A Gruta do Gentio II é uma gruta bem iluminada e extraordinariamente seca, o que permitiu a preservação de exemplares arqueológicos em bom estado apesar da sua antiguidade. Ela começou a ser ocupada há cerca de 10.250 anos passados, quando pingos de tinta conservados no solo original demonstram que foi usada como local cerimonial, onde foram executadas pinturas em vermelho – no teto e nas paredes – e depositados sepultamentos parcialmente cremados de indivíduos adredemente desarticulados. Coletava-se, então, coquinhos de guariroba (Syagrus sp) e pequi (Caryocar brasilienses), até hoje planta de consumo garantido no Centro Oeste. Sobre o mais antigo nível de ocupação se acumulou uma camada esbranquiçada, sobretudo resultante do pó de calcário que lentamente se depositou no solo. A gruta foi habitada entre 8.250 e 7.350 anos passados, mas ficaram poucas evidências. A caverna ficou sem ocupação por um longo tempo, voltando a ser habitada por um grupo que ali desenvolveu experiências com vegetais. Esta gente já estava ali antes de 3.500 anos até 1.000 anos antes do presente. A camada de depósito que acumularam é muito rica em restos arqueológicos, com artefatos de pedra, de cerâmica, de osso, restos de fios de algodão e peças tecidas, arte plumária e cestaria, além de alguma poucas peças de madeira. Neste sítio também foi localizada a mais antiga cerâmica, fora da Amazônia, em território brasileiro, com cerca de 3.500 anos.

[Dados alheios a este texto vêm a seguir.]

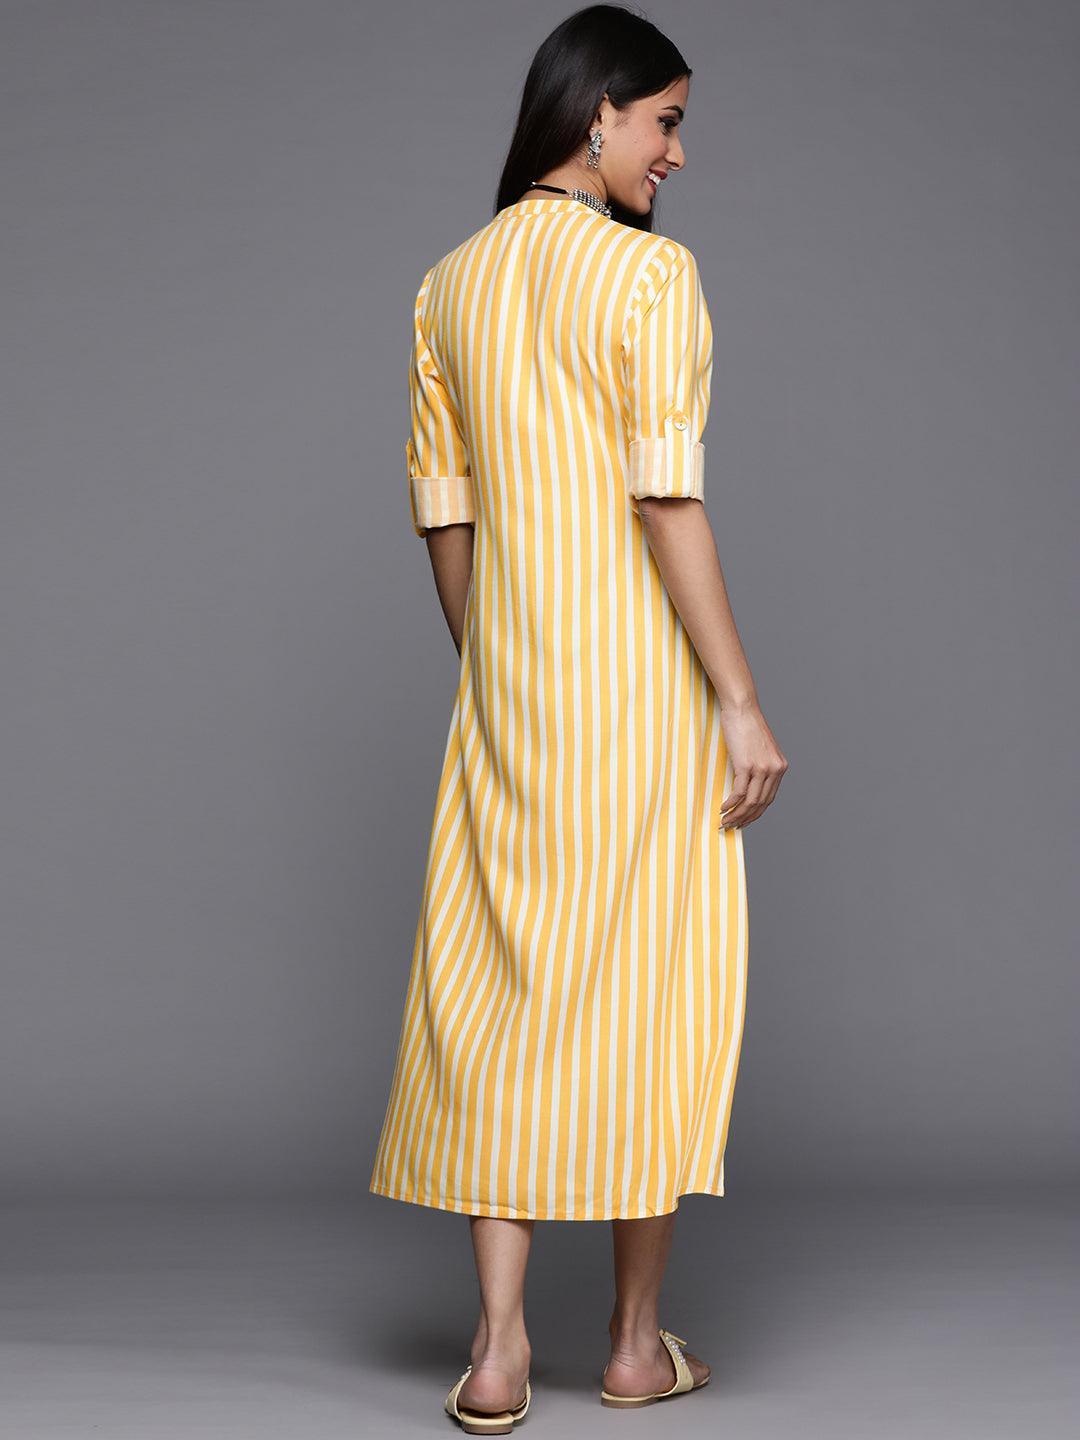 Yellow Striped Rayon Dress - ShopLibas

Não é conhecida em Unaí com exatidão a atual localização do corpo da criança encontrada na Gruta do Gentio II, segundo as pessoas que consultamos. Ou falam que estaria em algum museu do Rio de Janeiro, em Paris ou Copenhague. Na internet não foi possível localizar mais dados sobre ela, sua constituição, nem documentos sobre os estudos a que foi submetida, tão pouco a data exata de seu descobrimento. Sabe-se que teria sido sepultada envolta em uma rede de algodão, e que junto a ela foram encontrados inúmeros objetos.

Por hora, essa é a breve história do mais antigo morador de Unaí (ou moradora).